Ренн отыскала Фин-Кединна, который, как и все остальные, снимал шкуры со своего жилища.
– Куда теперь? – спросила она. – И почему сейчас?
– На восток, в холмы. Там соберутся все племена. Ближе к Сердцу Леса людям будет безопаснее. – Вождь взглянул на нее. – Ты собралась вдогонку за Тораком?
– Да.
Она ожидала, что он попытается ее остановить, станет отговаривать, но он продолжал работать. Лицо у него было серым. Он явно не спал всю ночь.
– Почему ты снимаешься с места прямо сейчас?
– Я же сказал: ближе к Сердцу Леса людям будет безопаснее.
– Людям? А ты… разве не пойдешь вместе со всеми?
– Нет. Мне нужно отлучиться. А вместо меня пока будет Тхулл. Саеунн сумеет дать ему дельный совет, когда племена соберутся вместе.
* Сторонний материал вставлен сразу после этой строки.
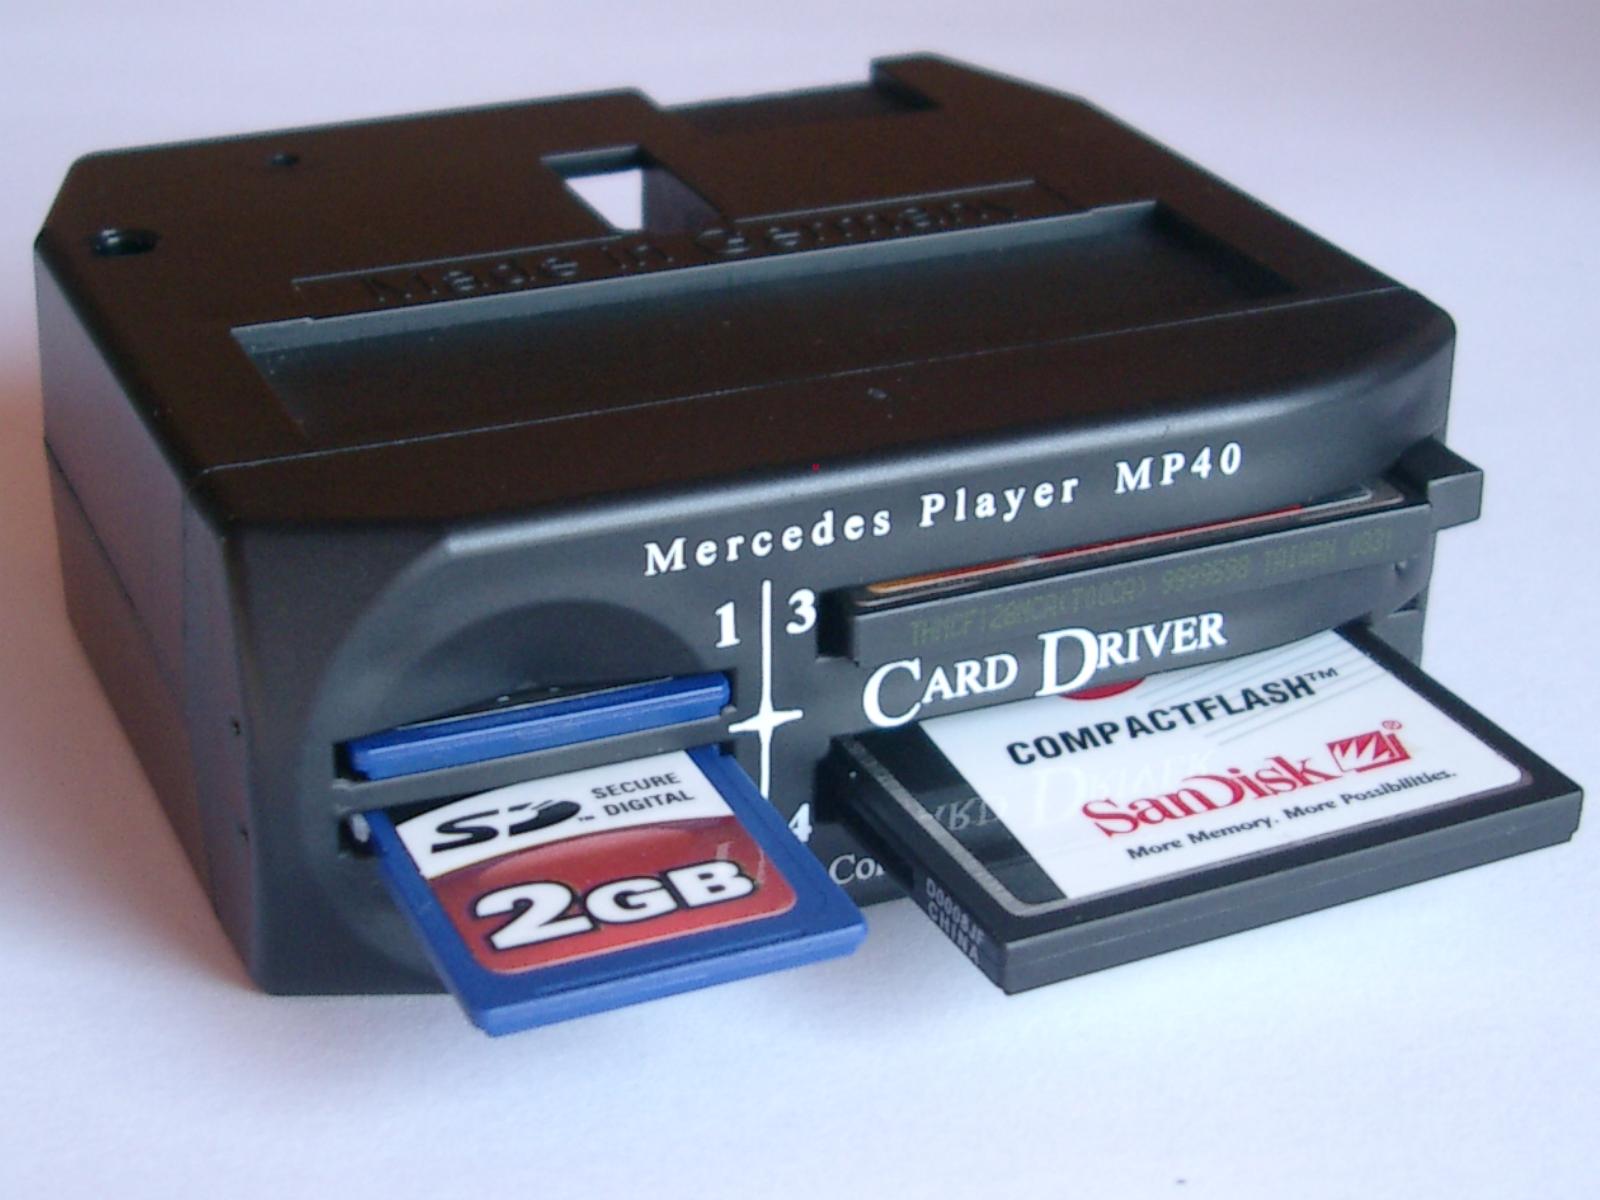 mercedes player mp40 mercedes player. Black Bedroom Furniture Sets. Home Design Ideas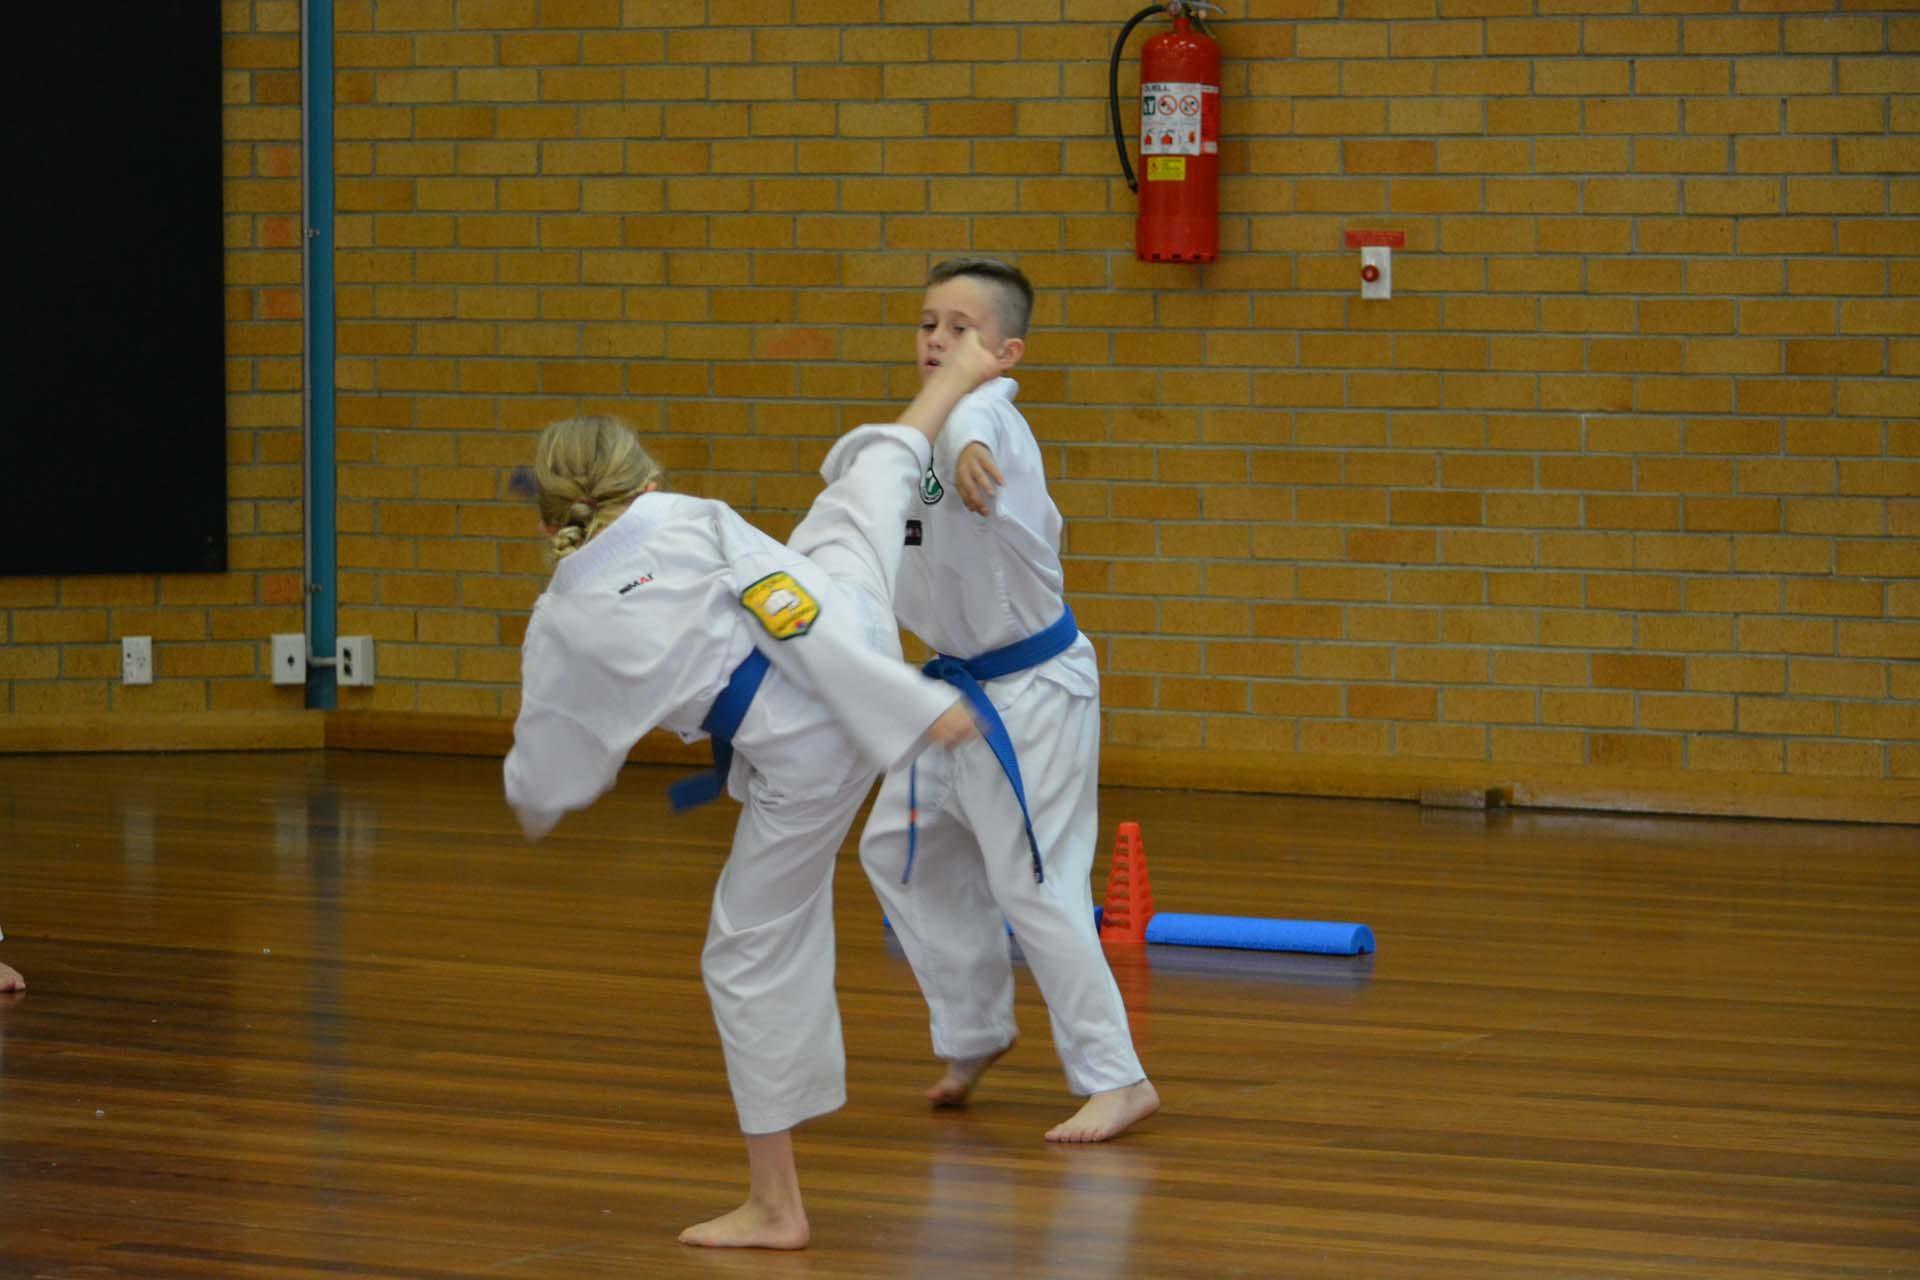 Two junior martial arts students practicing taekwondo at Tamworth martial arts.

– Что? – Ренн в изумлении уставилась на него. – Но ведь… ты сейчас им нужен куда больше, чем когда-либо! Ты не можешь просто так уйти и оставить их!
Фин-Кединн повернулся к ней лицом:
– Неужели ты думаешь, что я оставил бы свое племя, если бы не был убежден, что это единственно возможный выход? Да я много дней только об этом и думал. И теперь совершенно уверен, что поступаю правильно.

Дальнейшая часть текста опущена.